Ginning Margins Under Strain: Rising Costs Impact Profitability

Ginner profitability in Pakistan has been under significant pressure due to the recent increase in seed cotton prices. Currently, in Punjab, seed cotton prices are ranging between PKR 7,200–7,400 per 40 kg, while in Sindh prices are slightly lower, at PKR 7,100–7,250 per 40 kg. In Balochistan, prices are ranging from PKR 8,000–8,250 per 40 kg. At these elevated prices, most ginners continued to demand higher rates for their lint, while textile mills maintained a firm stance and avoided paying additional premiums.

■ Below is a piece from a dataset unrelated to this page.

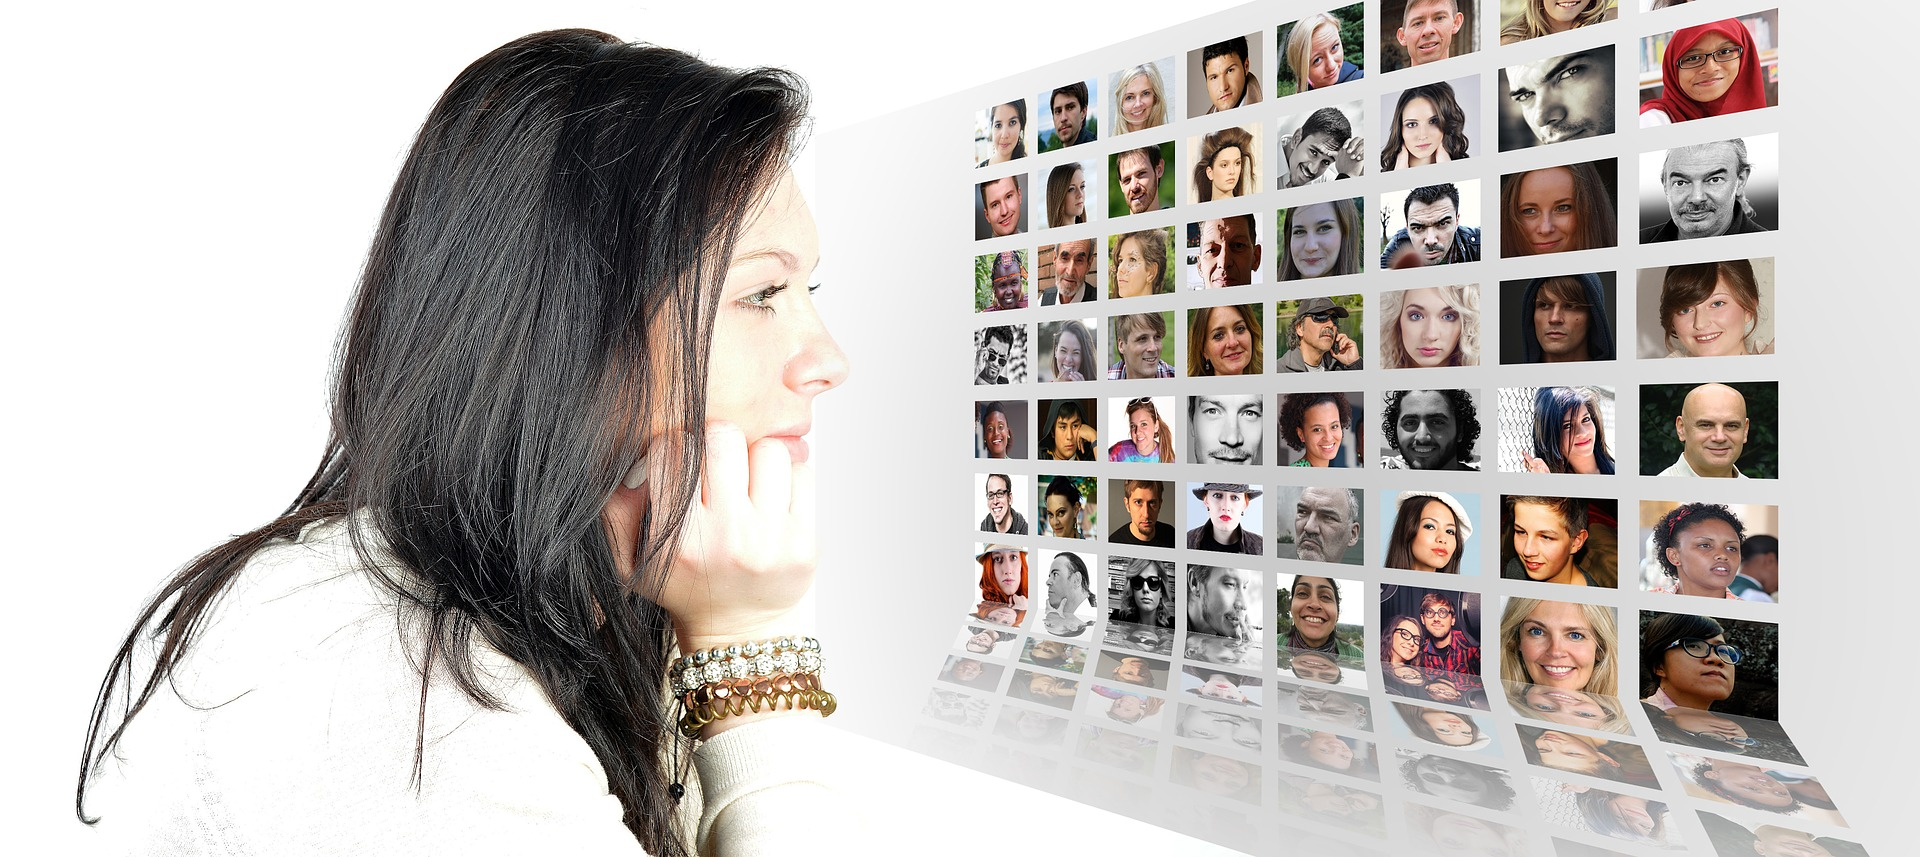 Découvrez les étapes importantes pour déterminer le webdesign de votre site internet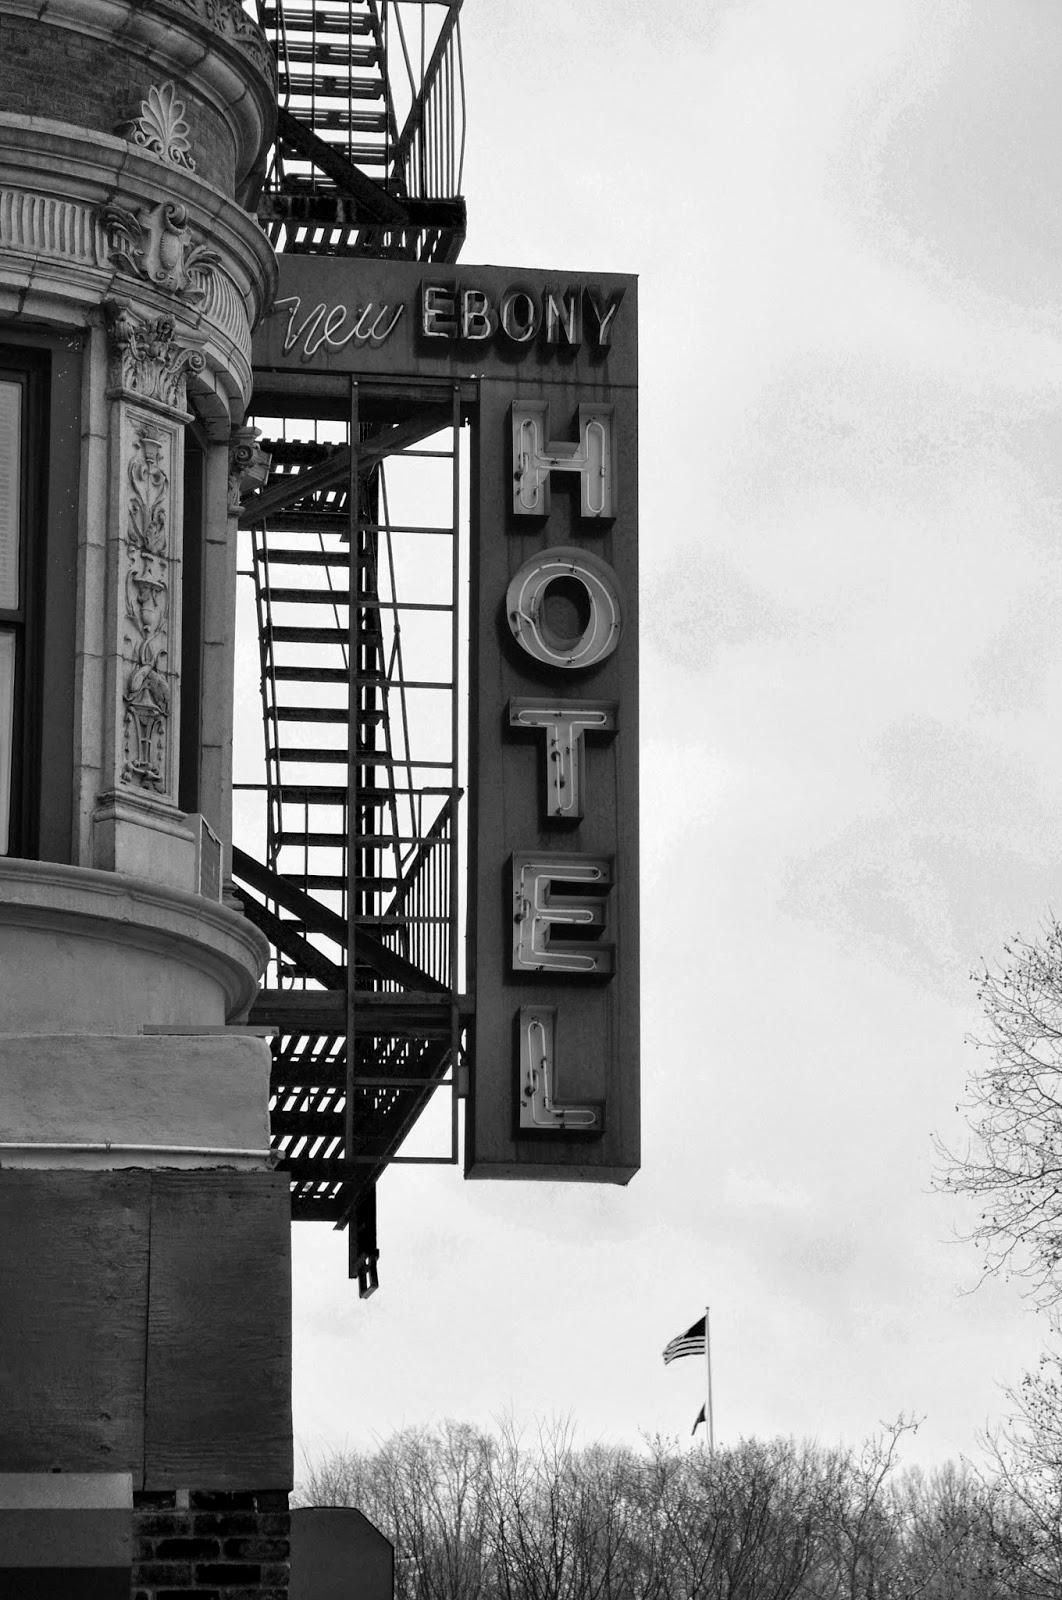 New ebony hotel

The current lint price are ranging between PKR 14,800–15,100 per maund and PKR 16,000–16,200 per maund for Balochi cotton, while cotton seed prices are currently PKR 3,350–3,400 per 40 kg in Sindh and PKR 3,150–3,300 per 40 kg in Punjab, at these rates ginners are facing significant financial losses.. According to industry sources, the weighted average lint recovery from 1 maund of seed cotton this year is approximately 13.9 kg and 15.7 kg for Balochi cotton.

When factoring in additional ginning losses of around 2%, along with 1% taxation and ginning cost, ginners are reportedly losing PKR 100–140 per maund. In comparison, during periods of lower seed cotton prices, ginners earned healthy margins of PKR 300–500 per maund. The current market conditions have not only eroded profitability but also halted trading activity, as ginners are reluctant to sell at a loss. Furthermore, the market is primarily focused on high-quality lint, while average-grade cotton remains available in the market. Global demand for cotton has weakened, and domestic challenges including high energy costs, taxation, and operational expenses continue to strain the industry. As a result, textile exports are under pressure, which further impacts the liquidity and bargaining power of ginners.